DATA SHOWN
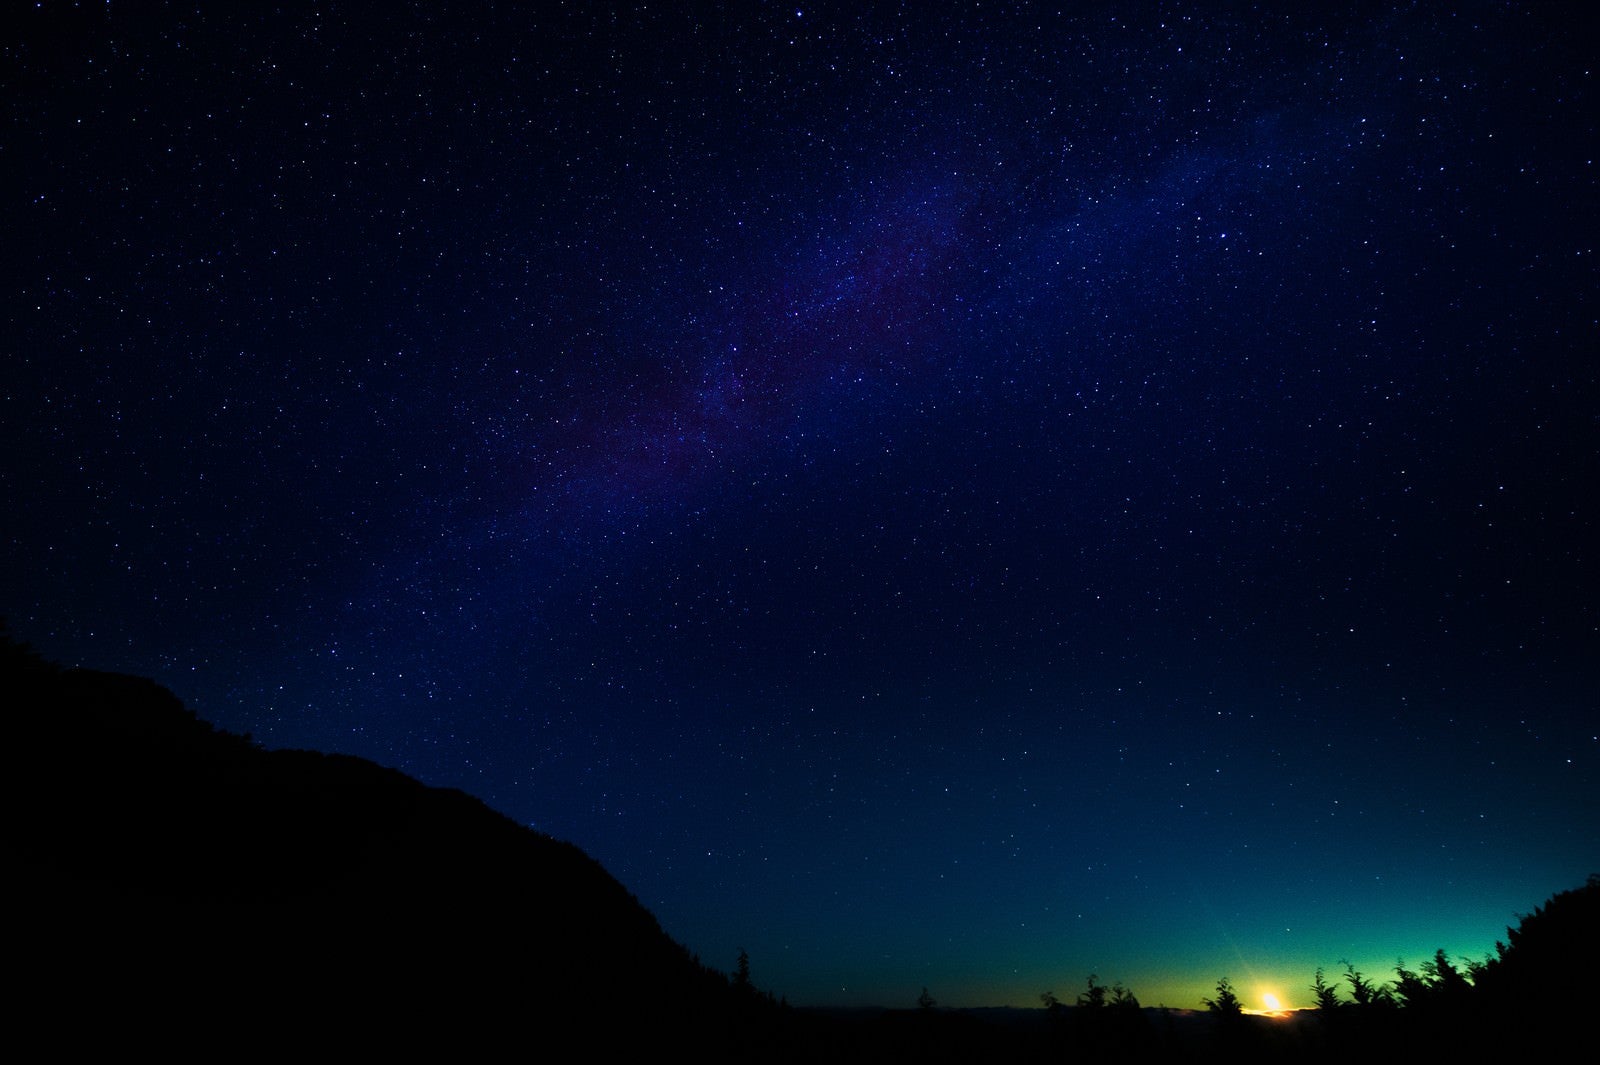 「鏡野町の星空と月明かり」の写真
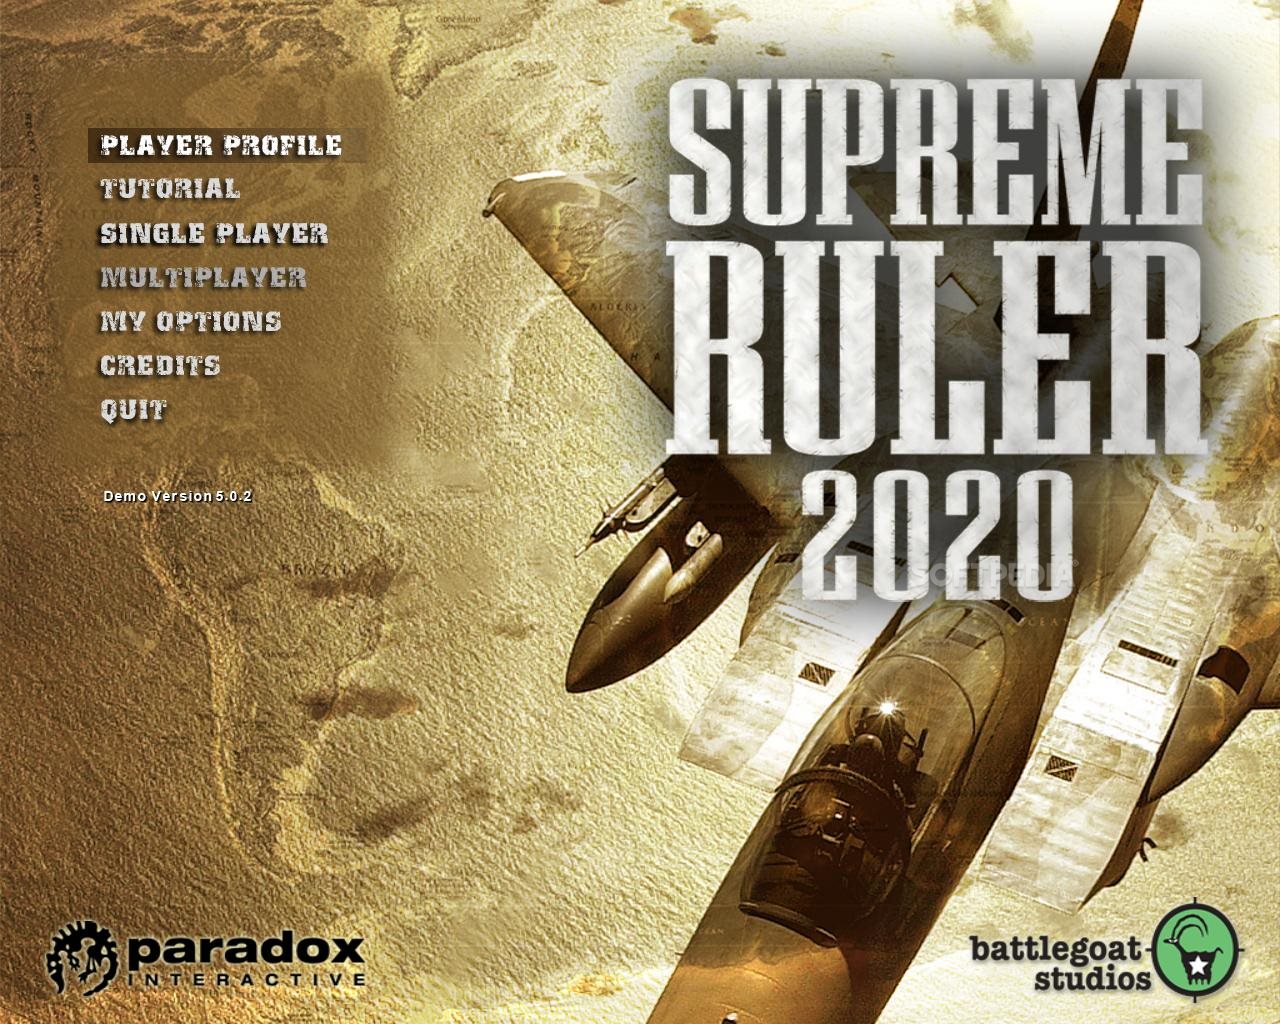 supreme ruler 2020 gold activation key
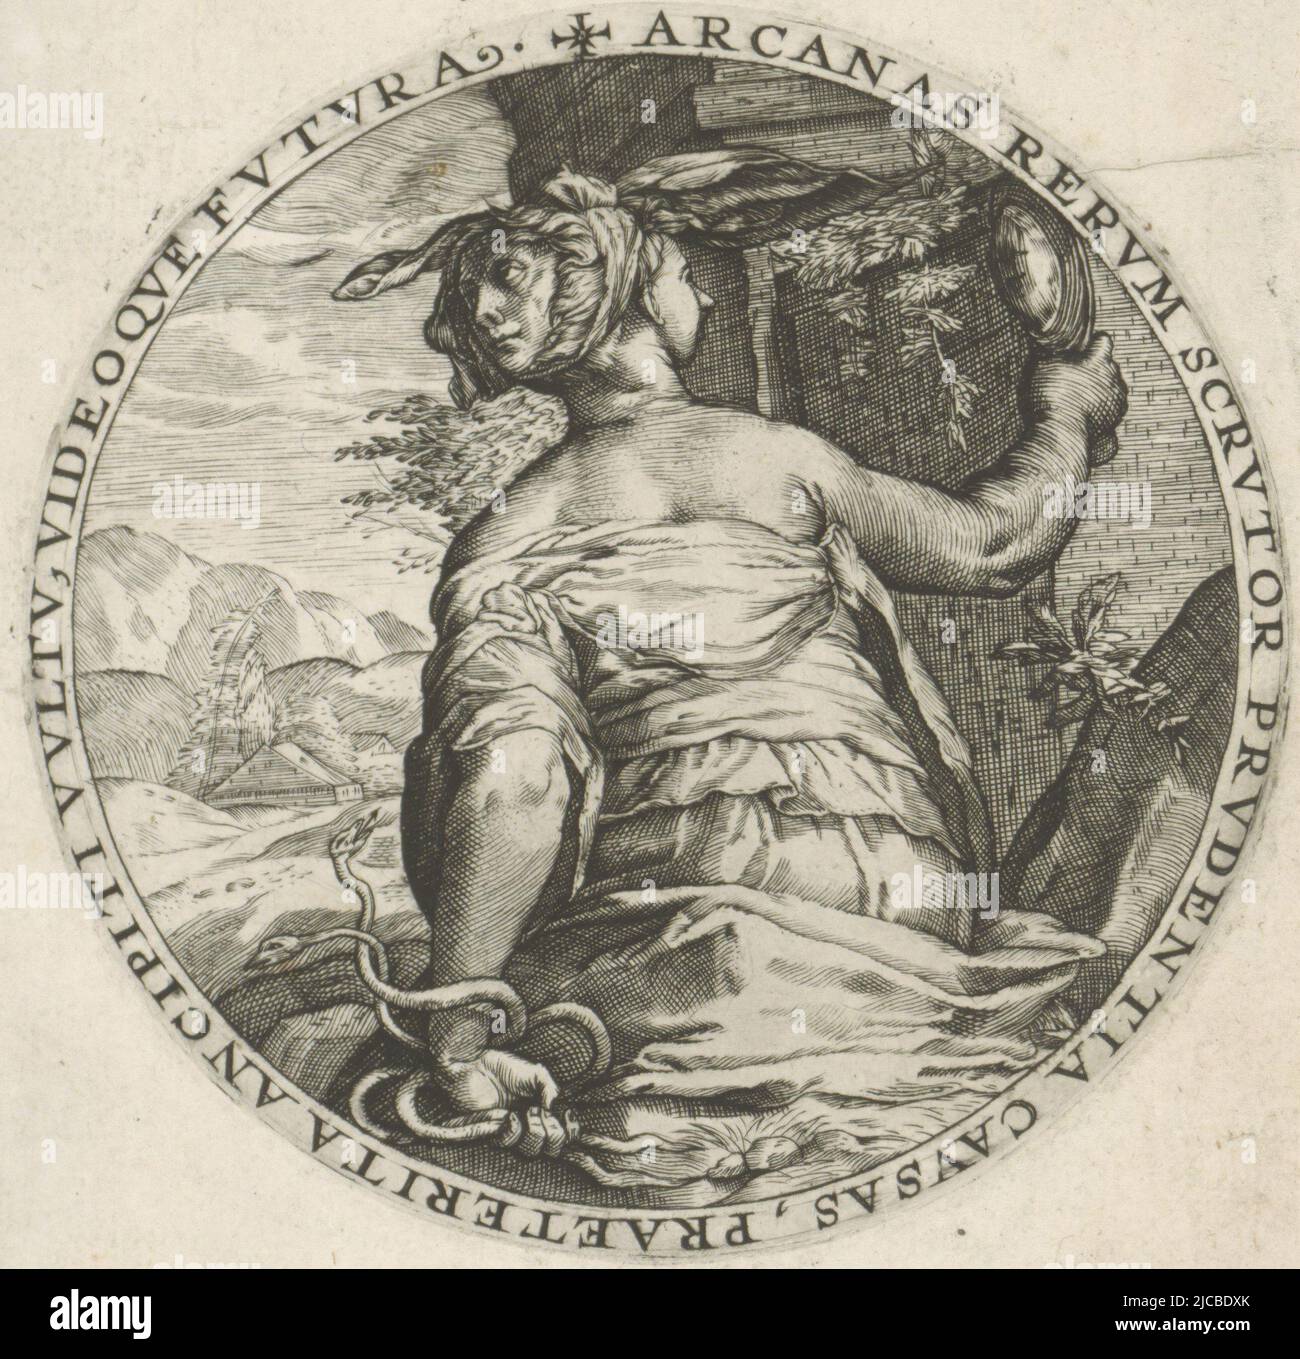 La personnification féminine de prudence Prudentia, l'une des quatre vertus  cardinales, avec une tête de Janus entre ses mains, elle porte ses  attributs personnels: Le miroir et le serpent Imprimer d'une série

WHAT YOU WILL DO
Without including any picture, set down every line above exactly as it stands.

SOLUTION FOR THIS TASK
 「鏡野町の星空と月明かり」の写真
 supreme ruler 2020 gold activation key
 La personnification féminine de prudence Prudentia, l'une des quatre vertus  cardinales, avec une tête de Janus entre ses mains, elle porte ses  attributs personnels: Le miroir et le serpent Imprimer d'une série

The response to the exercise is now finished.